With these ascriptions, a Malwa School was thus created. When in 1963 Anand Krishna wrote his book Malwa Painting, (5) he followed Khandalavala’s attributions and incorporated into the Malwa School the Boston Ragamala, which Coomaraswamy had discovered in 1910, as well as all the stylistically related paintings which since had come to light, among them the “1634“ Rasikapriya, the founding series of the School. He conceded that “these paintings were discovered in huge numbers from the Datia palace collection“ (6), but nevertheless ruled out Coomaraswamy’s attribution to Orchha and Datia because “survivals of wall paintings at Datia and Orchha show that a different school was practised there“ (7). Anand Krishna had in mind the remains of wall paintings in the Jahangir palace at Orchha and the Govind palace at Datia which both were built by Maharaja Bir Singh Deo (r. 1605-27). Those paintings, executed in a popular Mughal style, indeed have nothing to do with either Coomaraswamy’s Boston Ragamala or with the “1634“ Rasikapriya, which in fact is of about 1592-95. Had Krishna compared the wall paintings with miniatures painted for Bir Singh, however, he would have had no difficulty whatsoever in discovering similarities (8).
With Anand Krishna’s Malwa Painting of 1963, the final word about the Malwa School was spoken.
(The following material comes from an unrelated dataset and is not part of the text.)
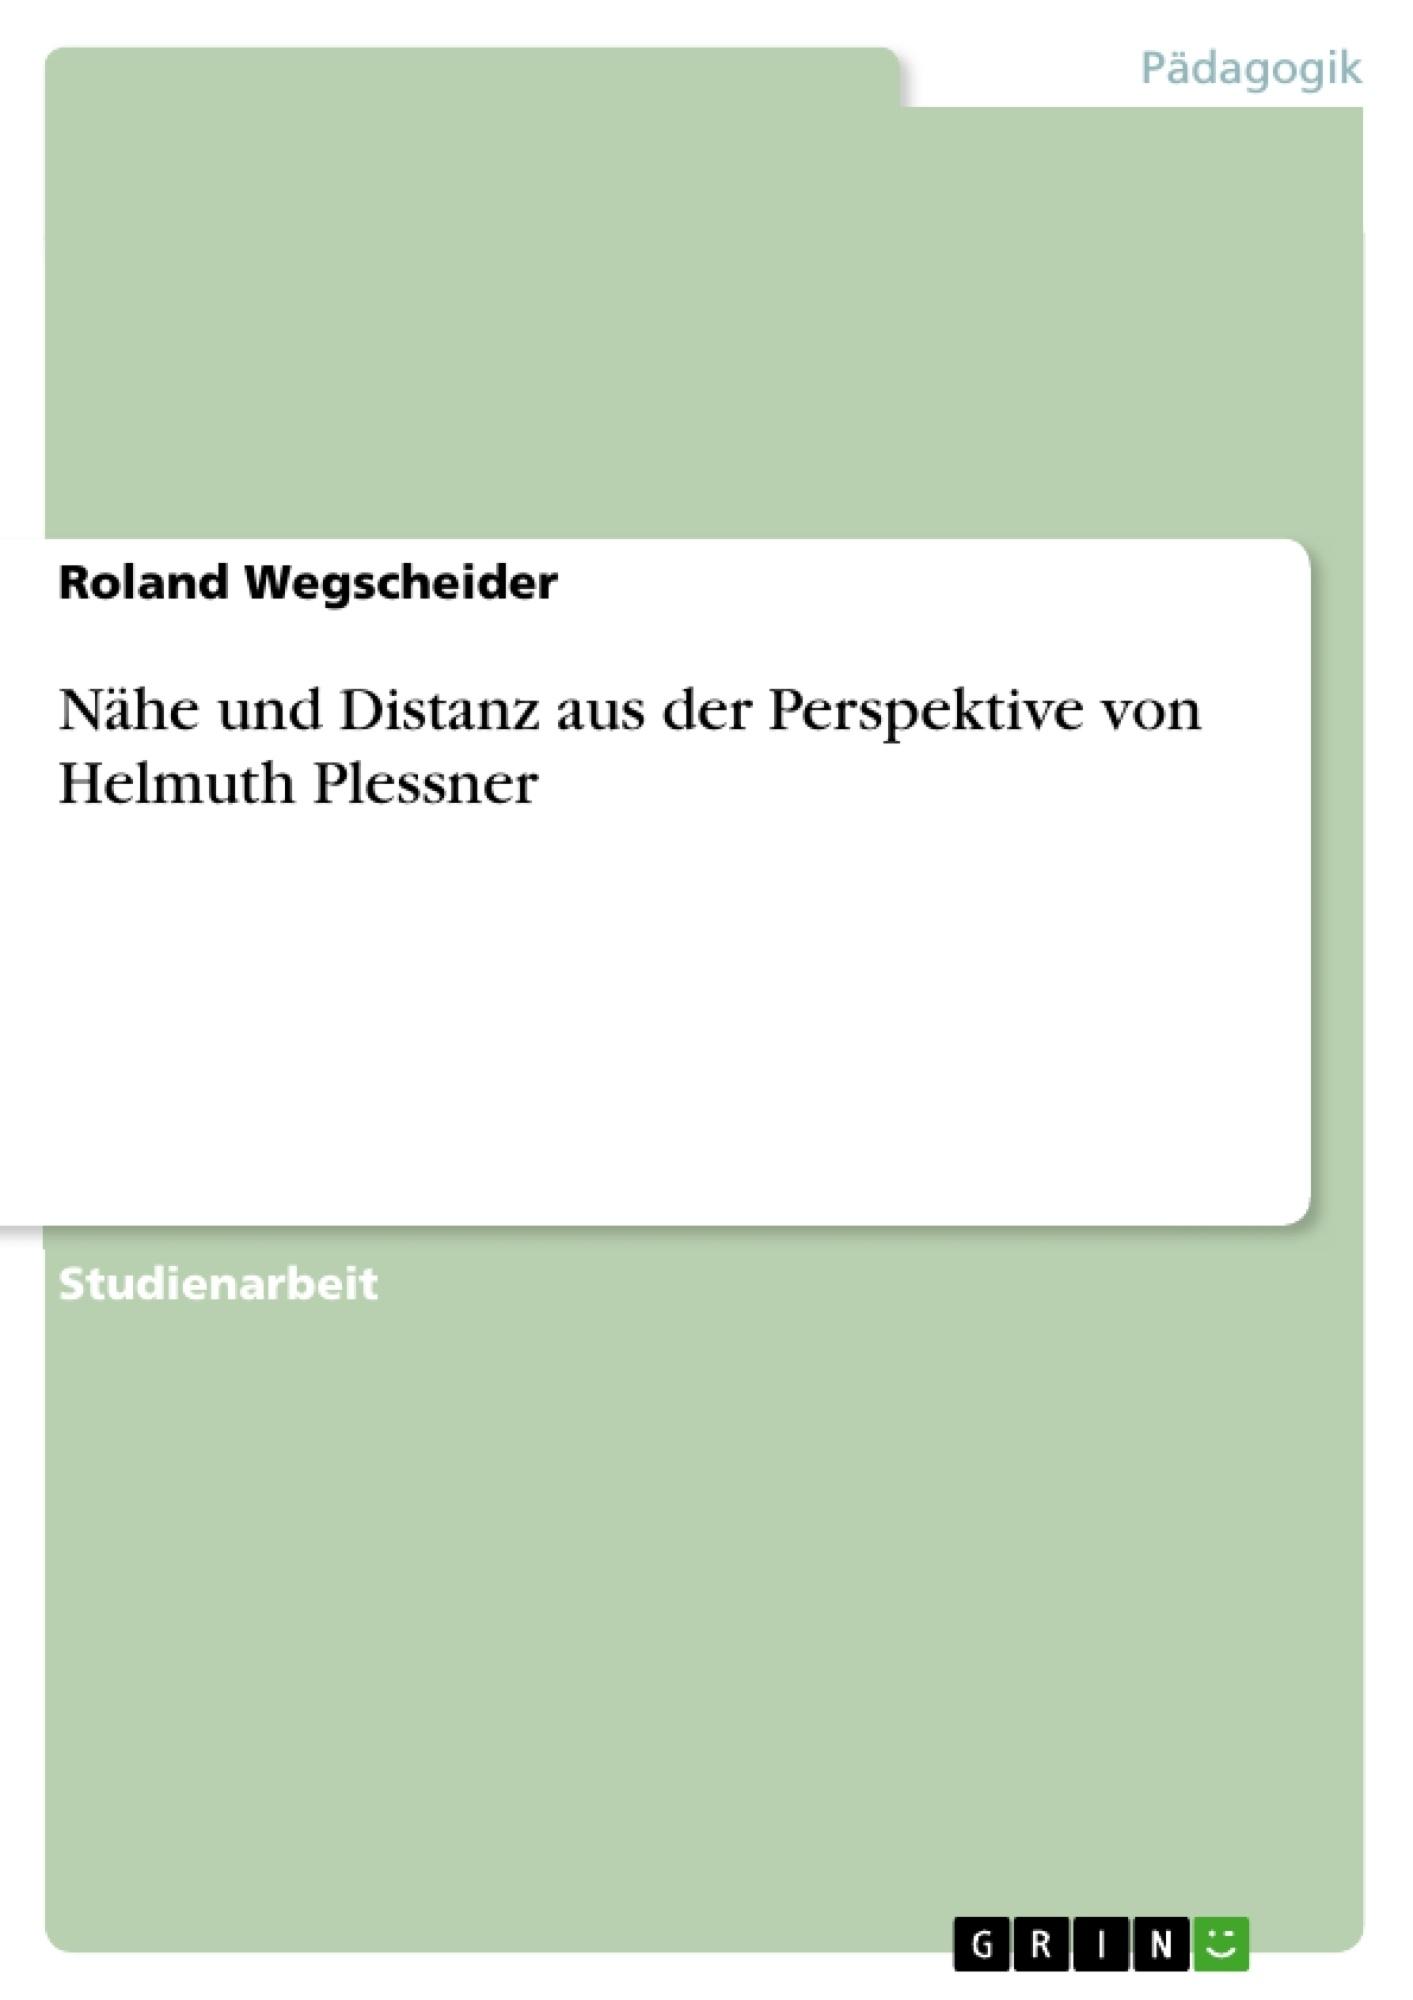 Titel: Nähe und Distanz aus der Perspektive von Helmuth Plessner

A dissertation by Joseph Dye attempting to establish a chronology for 17th-century Malwa painting did follow in 1980, but, closely based on Krishna’s book, it was flawed from the outset by the author’s continued acceptance of the date of 1634 for the founding series of the School. After Dye’s dissertation, scholars abandonned the Malwa School, complaining of the chaotic dating the different series.
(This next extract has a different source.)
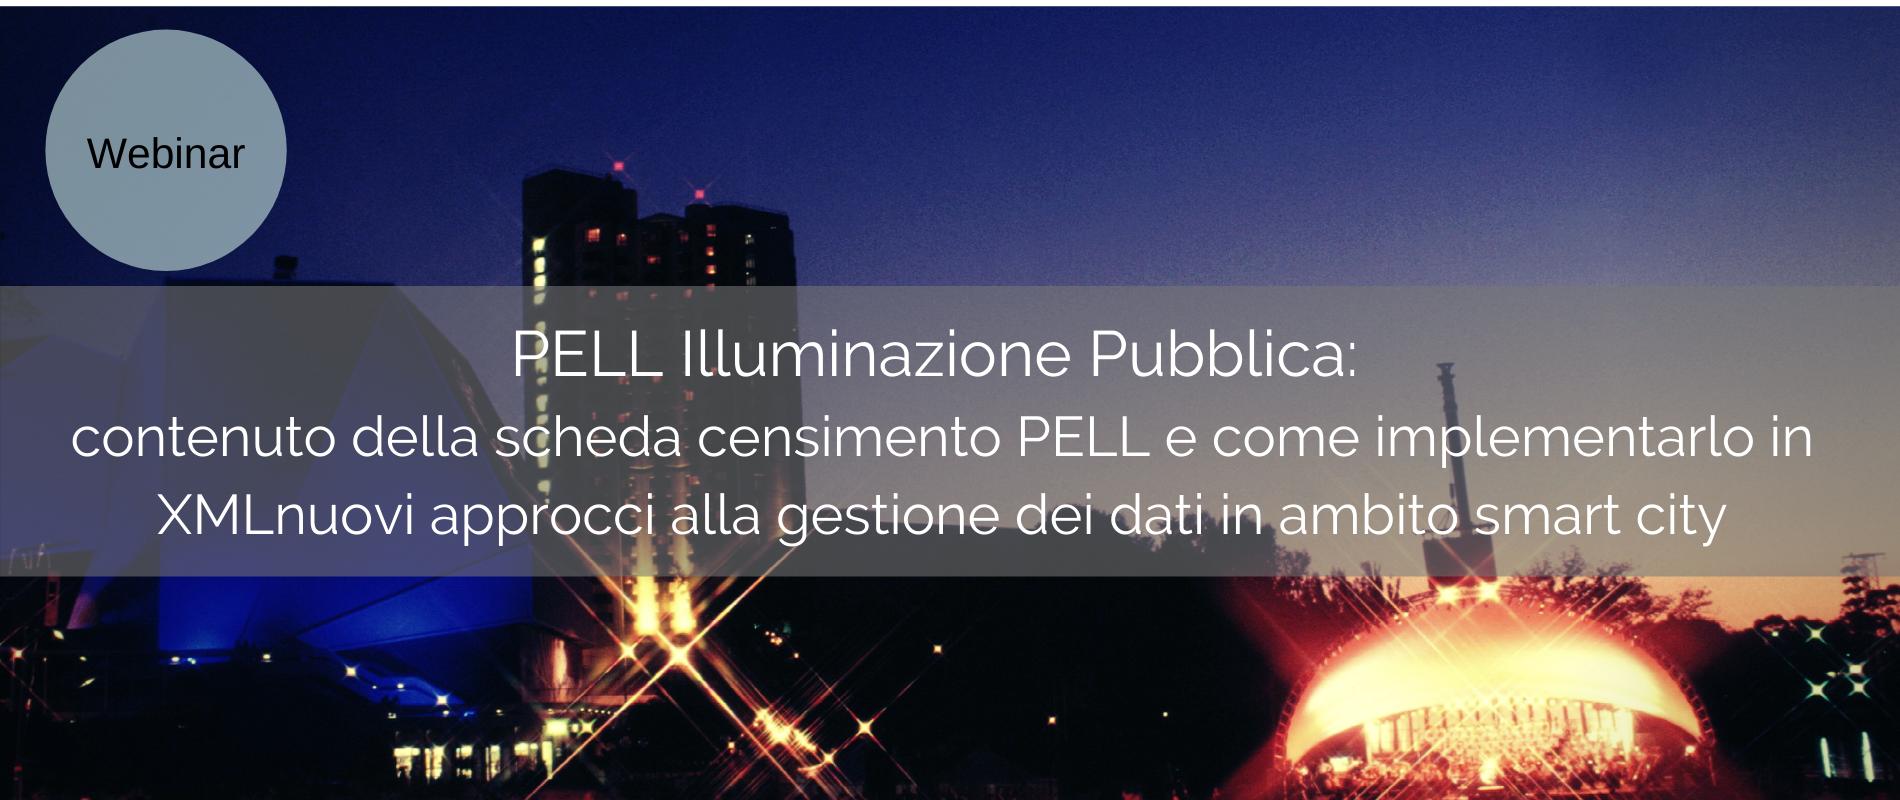 PELL Illuminazione Pubblica: contenuto della scheda censimento PELL e come implementarlo in XML

Yet Malwa as home of an important School of Hindu paintings seems no less absurd an assumption than the date of 1634 for the founding series of the School. For ever since 1563, when Akbar had conquered the former Sultanate, Malwa had been a Mughal province administered by a Mughal governor. For whom should all those thousands of miniatures with Hindu subjects have been painted? Anand Krishna had to assume that “roaming painters wandered from place to place and painted a number of traditional themes for wealthy patrons“ (9). With this assumption the School was downgraded to a “Zamindar“ School. However, is it really conceivable that often illiterate local landlords would have ordered one illustrated manuscript after another of the Rasikapriya – a work of poetics written by Keshavdas for rasikas, highly educated connoisseurs? Or that they were interested in Sanskrit kavya poetry like the Amarushataka (Vol. II, Cat. 32)? Moreover, can we imagine that manuscripts with 300 paintings like the First and the Third Rasikapriya (Vol. I, Cat. 1 and Cat. 5), or that masterworks like the Ramayana of around 1600 (Vol.I, Cat. 3), have been produced by “roaming painter families“ rather than by organised workshops of up to 10 artists working for a Rajput court and guided by a Pandit?
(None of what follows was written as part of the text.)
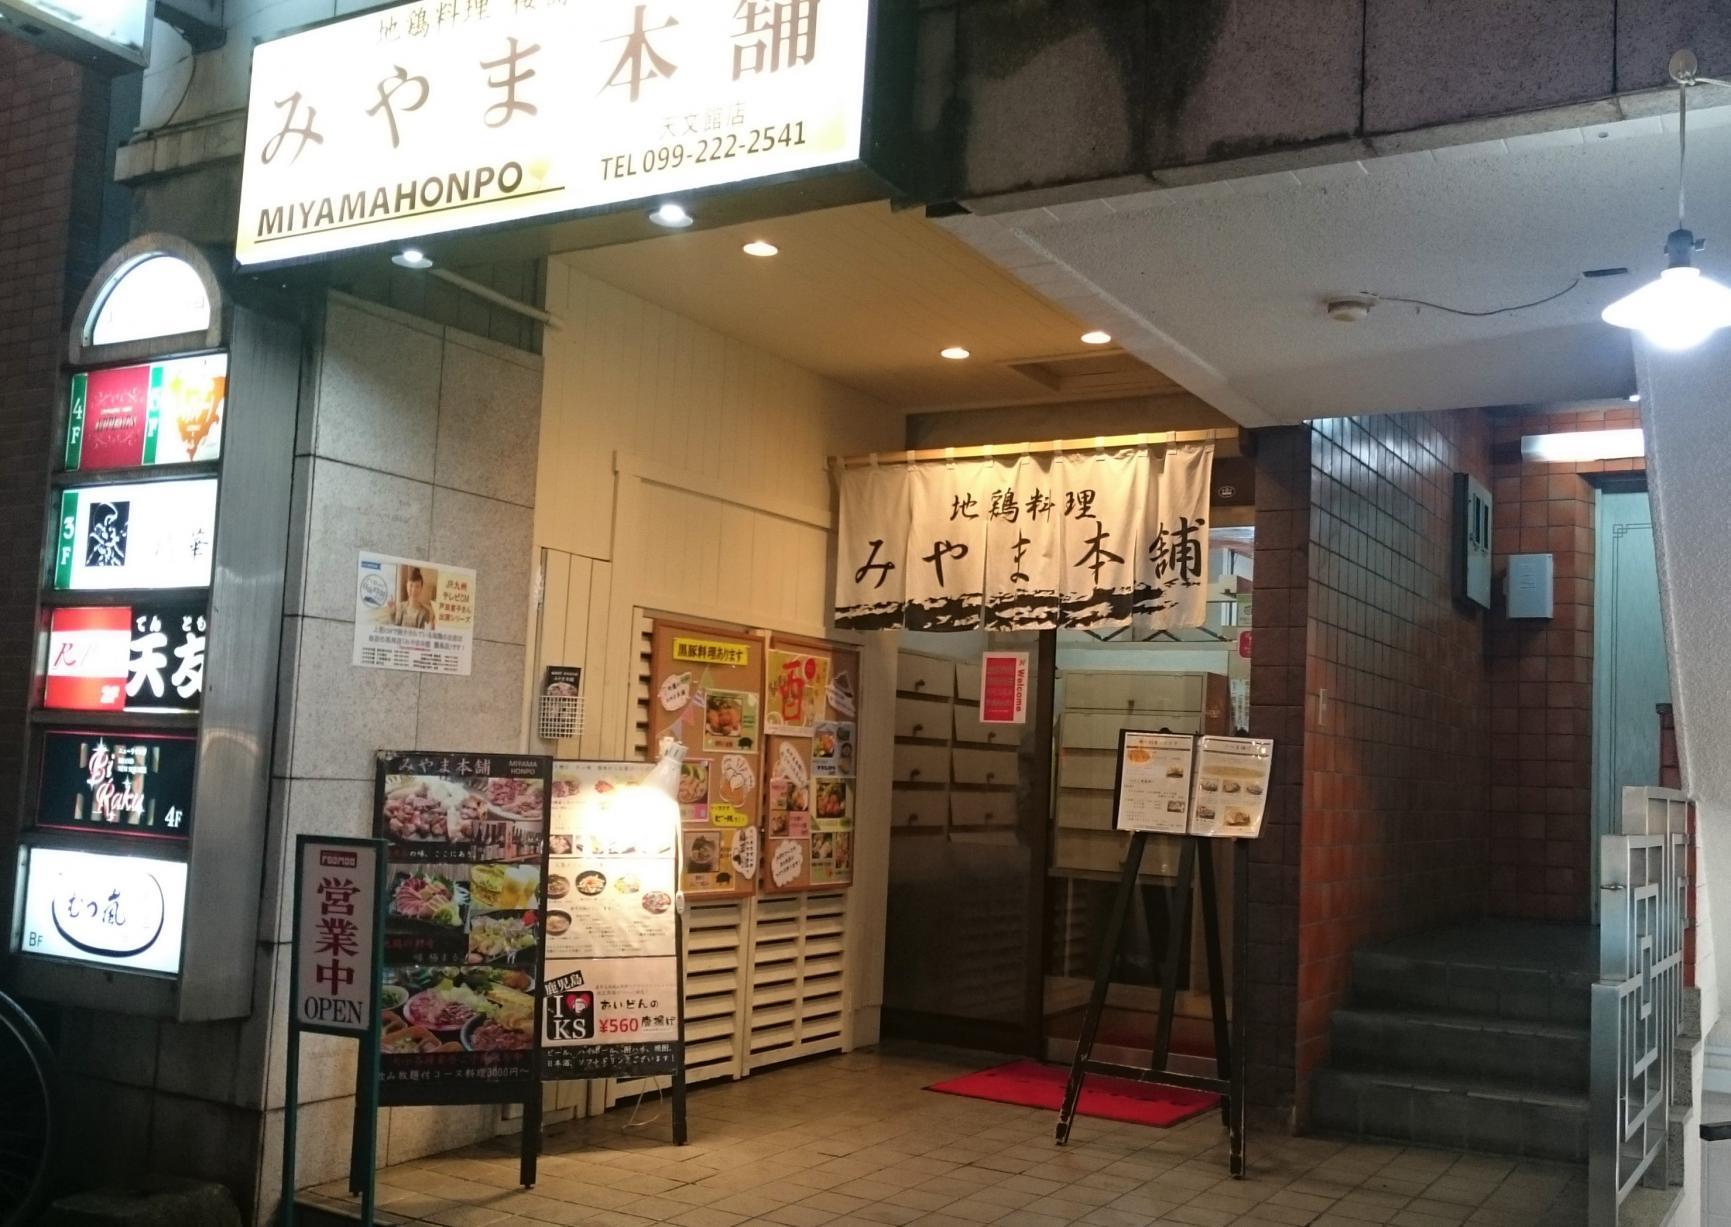 地鶏・鶏料理 みやま本舗 天文館店-3

Fortunately, the paintings themselves tell us where they have been produced – both through the architecture represented in them, which mirrors the domes of the Orchha and Datia palaces (see Vol. I, p. 127), and through the Bundeli dialect of the inscriptions on the Ramayana of 1600 (see Vol. I, Cat. 3). The clearest clues as to where our paintings originated come from the founding series itself, the misdated “1634“ Rasikapriya. At the beginning of his poem, Keshavdas sings the praises of Orchha and pays homage to his patron, Rajkumar Indrajit Singh of Orchha. These introductory verses are illustrated with two pictures: one representing Orchha on the Betwa river (Vol. I, p. 16), the other showing Indrajit Singh on a lotus throne, receiving the homage of the poet10). These illustrations are peculiar to Rasikapriya manuscripts from Orchha alone; they are never found in any of the Rasikapriya manuscripts from Rajasthani or Pahari courts. Outside Orchha there was no reason to glorify the town of Orchha or pay homage to Indrajit Singh.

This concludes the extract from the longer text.